Weichen Dai,Yezeng Chen,Zijie Dai,Zhijie Huang,Yubo Liu,Yixuan Pan,Baiyang Song,Chengli Zhong,Xinhe Li,Zeyu Wang,Zhuoying Feng,Yi Zhou
Abstract:Artificial intelligence is gradually demonstrating its immense potential, and increasing attention is being given to how AI can be harnessed to advance scientific research. In this vision paper, we present our perspectives on how AI can better assist scientific inquiry and explore corresponding technical approach. We have proposed and open-sourced a large model of our KALE-LM model series, Llama3-KALE-LM-Chem-8B, which has achieved outstanding performance in tasks related to the field of chemistry. We hope that our work serves as a strong starting point, helping to realize more intelligent AI and promoting the advancement of human science and technology, as well as societal development.
Artificial Intelligence,Computational Engineering, Finance, and Science,Computation and Language
What problem does this paper attempt to address?
### The Problem the Paper Attempts to Solve
This paper aims to explore how to better utilize Artificial Intelligence (AI) to assist scientific research and propose corresponding technical methods. Specifically, the paper introduces a large-scale model series named KALE-LM, particularly highlighting a chemistry-specific model, Llama3-KALE-LM-Chem-8B, to demonstrate its outstanding performance in chemistry tasks.
### Background
In recent years, the rapid development of AI technology has achieved significant accomplishments in various high-intelligence tasks, even surpassing human performance in some cases. These tasks include speech recognition, facial recognition, image recognition, games (such as Go, StarCraft, Dota2), text generation, image generation, video generation, machine translation, knowledge Q&A, debating, and solving advanced mathematical problems. Science is one of the most important fields for applying AI because it is the crown of human civilization and the cornerstone of various industries, playing a core driving role in human progress.

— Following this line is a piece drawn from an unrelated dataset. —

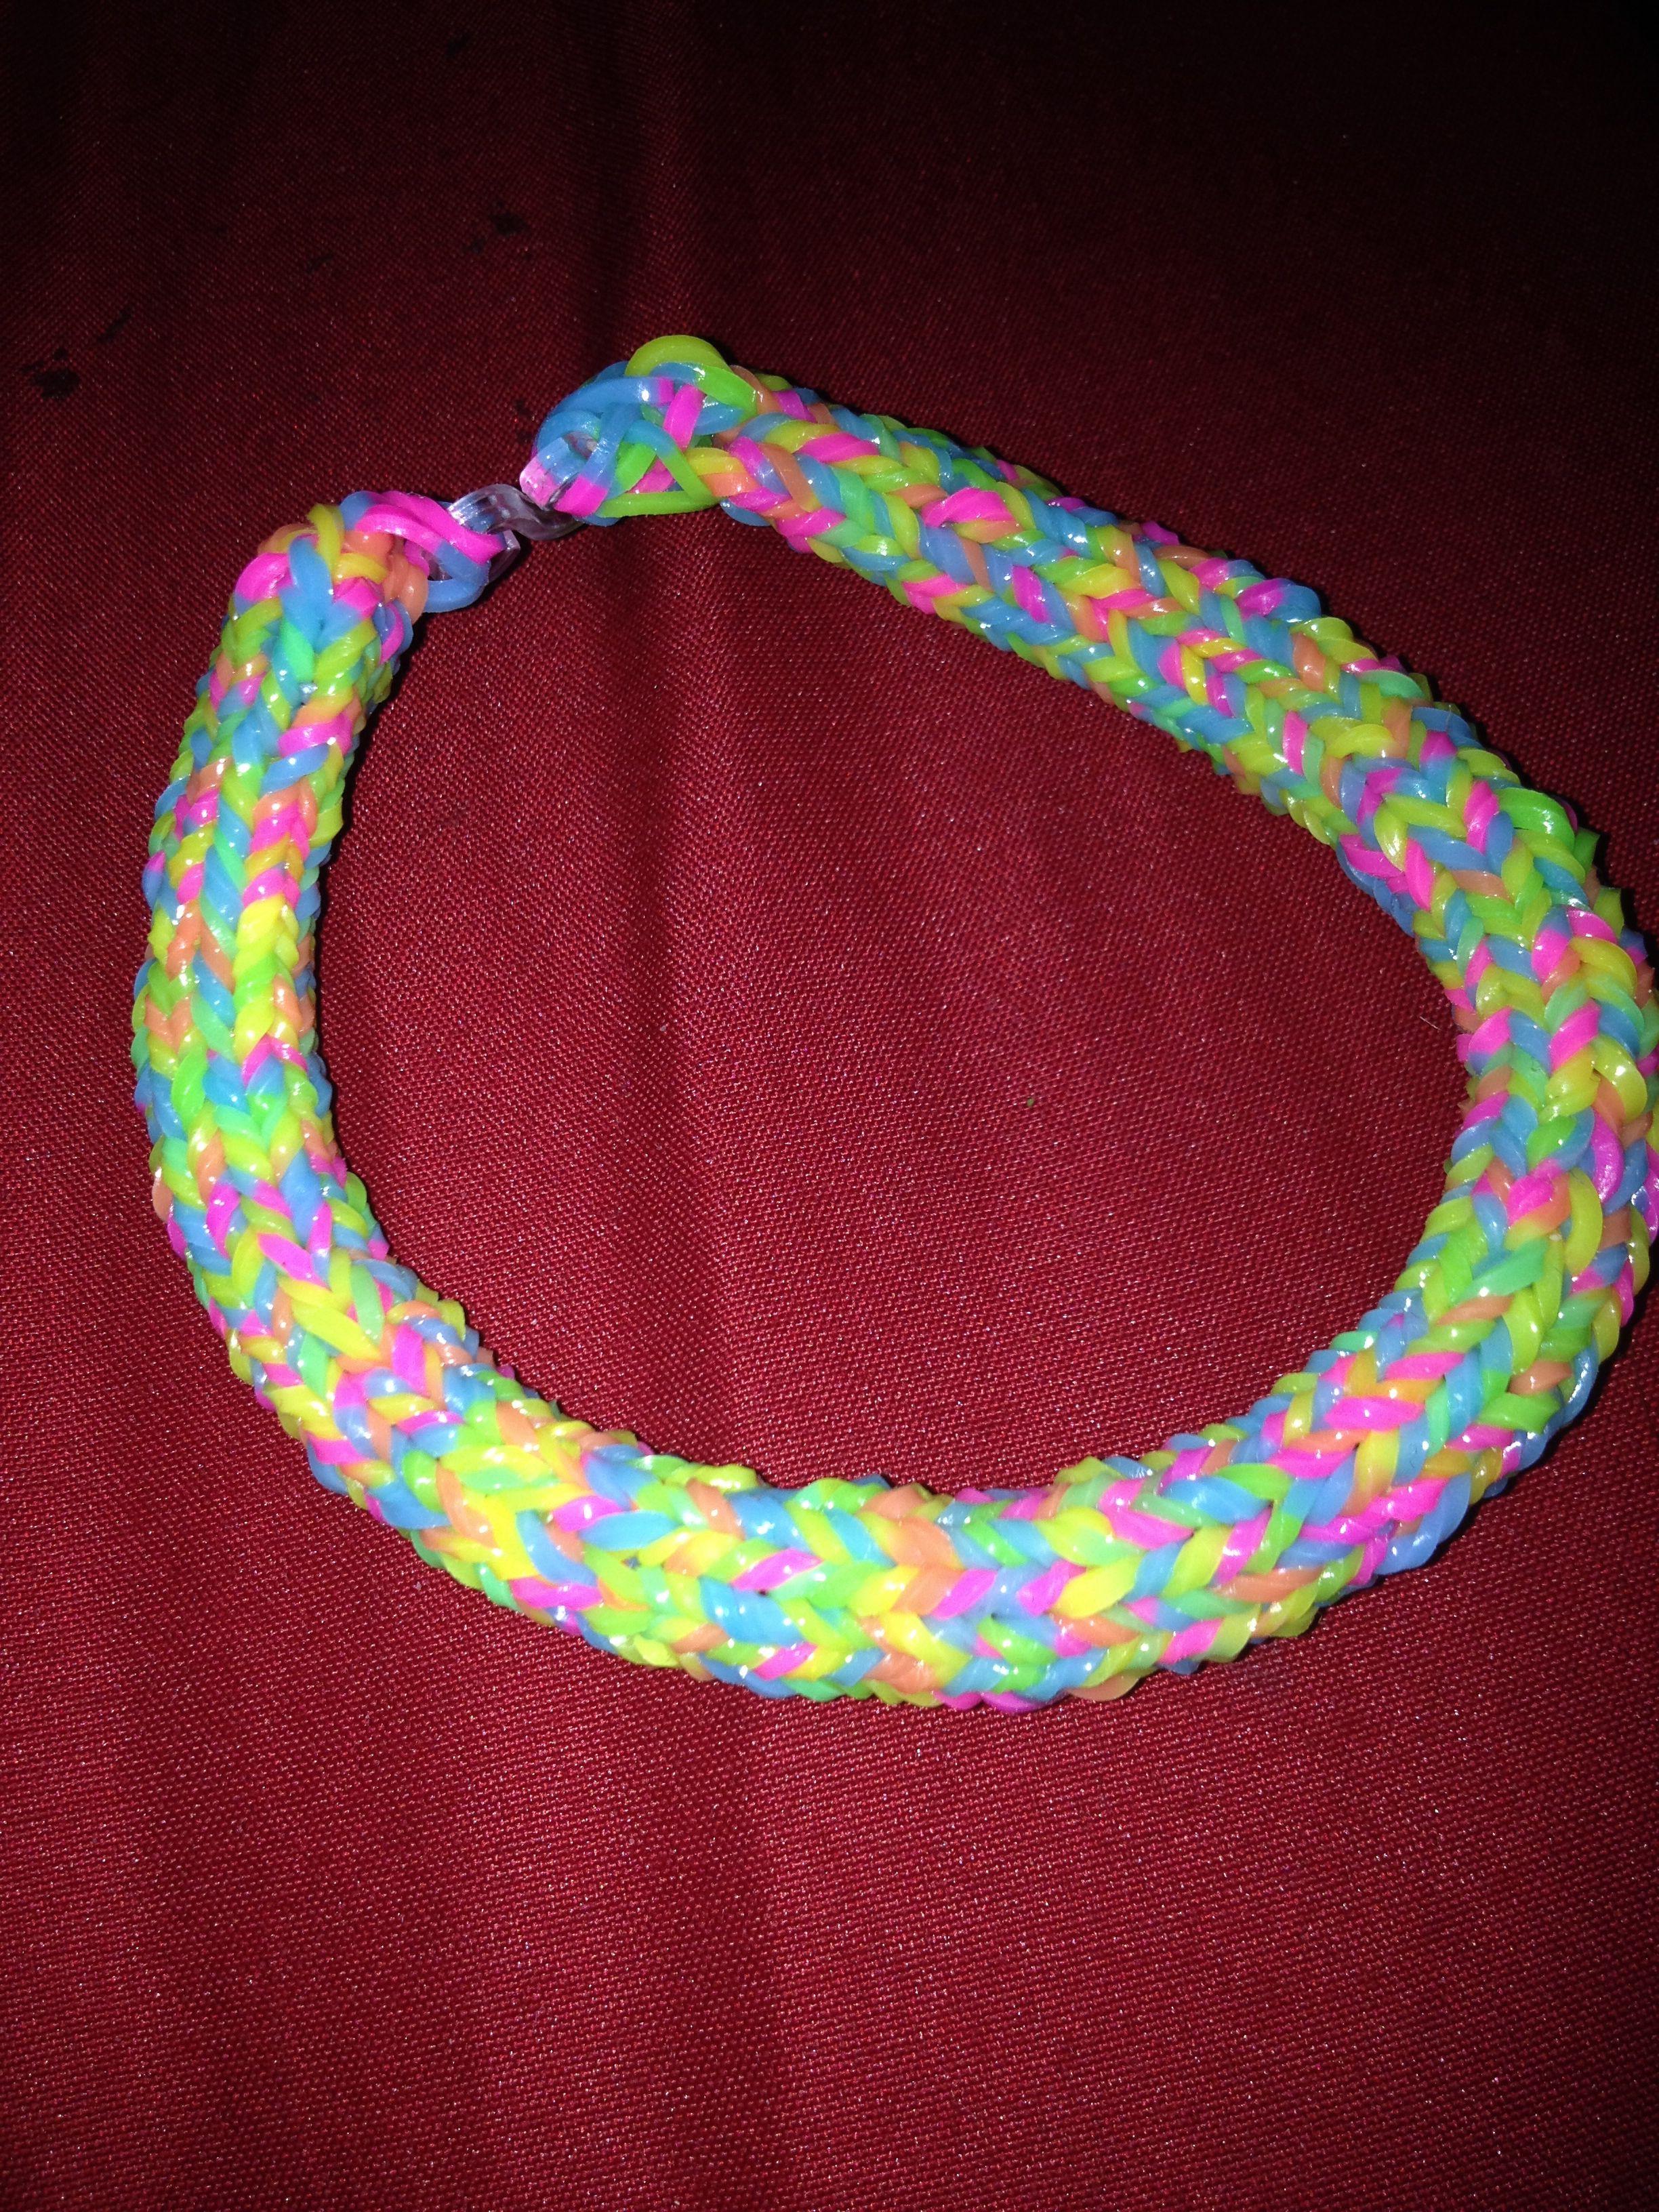 Hexafish Rubber Band Bracelet

### Current AI Applications in Science
Currently, there are three main AI technologies for building scientific brains:
1. **Specialized models for specific problems**: By constructing specialized deep neural network models to reduce the search space, such as Google DeepMind's AlphaFold series for protein structure prediction.
2. **Deep neural networks with reasoning engines**: Combining deep neural networks with reasoning engines to provide new perspectives to enhance thinking and decision-making abilities, such as AlphaGeometry and FunSearch.
3. **Large-scale model-based approaches**: Utilizing large-scale models for different forms of interaction, such as ChemCrow and Med-PaLM2 in the fields of chemistry and medicine.
### Existing Problems
Despite some progress, these technologies still cannot effectively integrate scientific knowledge and logic into AI models. Therefore, current AI cannot learn, understand, or apply the scientific principles and logical reasoning accumulated by the greatest scientists in history. Embedding knowledge and logic is one of the key challenges in developing a scientific brain.
### Vision of the Scientific Brain
Large-scale models are significant advancements in the AI field, capable of exhibiting human-like "emergent" general intelligence, learning knowledge across multiple domains, and handling various tasks. However, to achieve AI in the scientific field, the key is to clarify the needs of scientists and then train large-scale models accordingly to develop corresponding functions. The paper summarizes several key capabilities, including information extraction, semantic parsing, knowledge Q&A, and reasoning and planning.
### Practice in the Field of Chemistry
The paper introduces Llama3-KALE-LM-Chem-8B, the first chemistry-specific KALE-LM model based on Llama3. The model training is divided into two stages: continuous pre-training and supervised fine-tuning. Evaluation results show that KALE-LM significantly outperforms other models of similar scale in chemistry tasks, especially in basic chemistry capabilities, scientific Q&A, and chemical meta-information extraction.
### Conclusion
This paper proposes four core tasks that the scientific brain needs to focus on and explores how to achieve these tasks by enhancing the knowledge and logic of large-scale models. Based on these foundations, the research team has conducted multiple explorations and attempts, achieving significant progress and results. The paper hopes that its work can promote AI research and development in the scientific field.